Europeans are betting on the idea that vaccine makers, fearing patent breaches, will end up accepting transfers, especially if richer countries give them money to make sharing more acceptable.
Many public health experts say that patent waivers will have no significant effect unless manufacturers also share their manufacturing methods. Opening patents is like publishing a complex recipe; technology transfer is like sending a chef to teach you how to cook a dish.
“For you to be able to manufacture vaccines, you have to make several things work at the same time,” WTO Director-General Ngozi Okonjo-Iweala recently said. “If there is no technology transfer, it will not work.”
Even with the waivers, technology transfer and increased access to raw materials, experts say it would take around six months for more manufacturers to start shipping vaccines.
The details of any plan to increase immunization globally may be less important than the overhaul of the incentives that caused the current situation. Rich countries, especially in the West, have monopolized most of the vaccine supply not by chance, but because of economic and political realities.
Companies like Pfizer and Moderna have made billions of dollars in revenue selling most of their doses to wealthy governments in North America and Europe. The agreements left very few doses available for Covax, a multilateral partnership created to get vaccines to low- and middle-income countries at relatively low prices.

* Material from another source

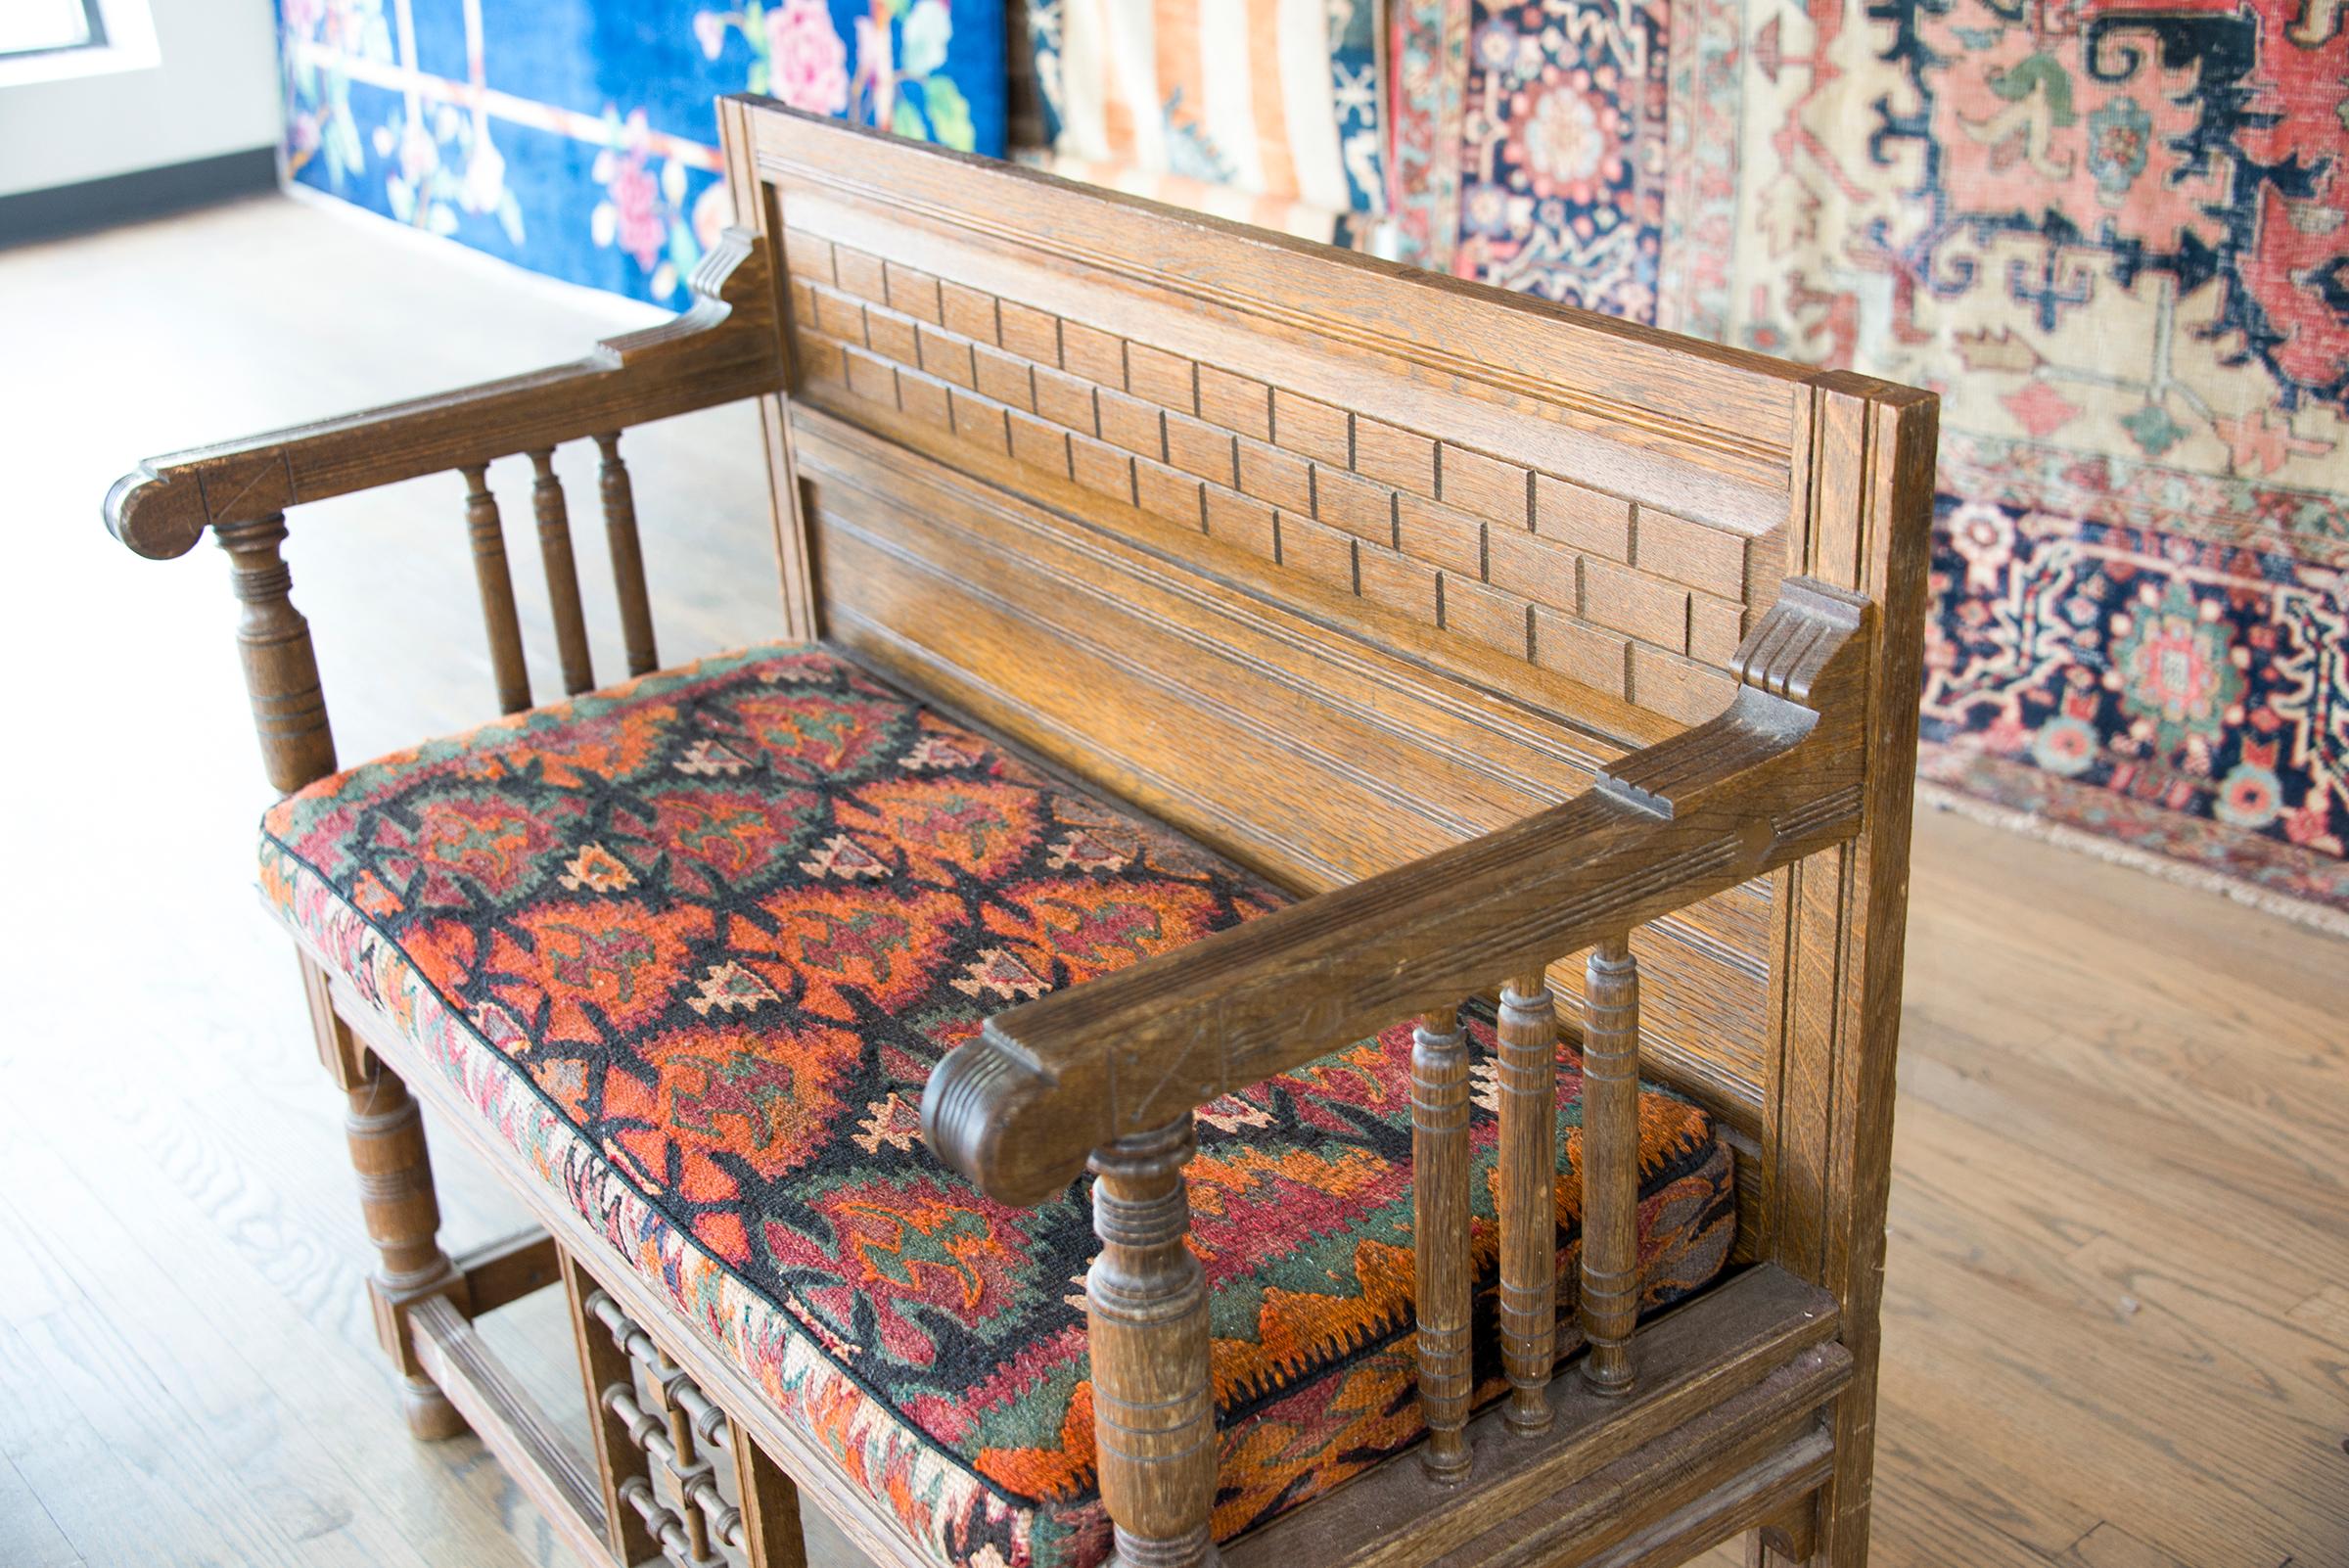 Early 20th Century Danish Bench with Kilim Upholstered Cushion  In Good Condition For Sale In Chicago, IL

Changing that calculation may depend on convincing rich countries that allowing the pandemic to follow its onslaught across much of the world poses universal risk, by allowing variants to take hold, forcing the world into an endless cycle of upgrading. pharmaceutical day.
“World leaders must act together, affirming that the vaccine is a form of global security,” said Rebecca Weintraub, a global health specialist at Harvard Medical School. She suggested that the Group of the Seven Richest Countries lead the campaign and fund it when members meet in Britain next month.
Whether the world has a sufficient number of underutilized and adequate factories to rapidly increase production and overcome inequalities is a hotly debated question. At a WTO vaccine summit last month, the body heard testimony that factories in Pakistan, Bangladesh, South Africa, Senegal and Indonesia have the capacity that could be quickly mobilized to produce vaccines for Covid.
Canadian company Biolyse Pharma, which focuses on anti-cancer drugs, has already agreed to supply 15 million doses of the Johnson & Johnson vaccine to Bolivia – if it obtains legal clearance and technological expertise from Johnson & Johnson.
But even big companies like AstraZeneca and Johnson & Johnson have stumbled, falling short of production targets. And the production of the new type of mRNA vaccines, such as those from Pfizer-BioNTech and Moderna, is complicated. Where pharmaceutical companies have made deals with partners, the pace of production has often disappointed.
“Even with voluntary licensing and technology transfer, it’s not easy to make complex vaccines,” said Krishna Udayakumar, director of Duke’s Center for Global Health Innovation. Much of the vaccine manufacturing capacity is already being used to produce other vital vaccines, he added.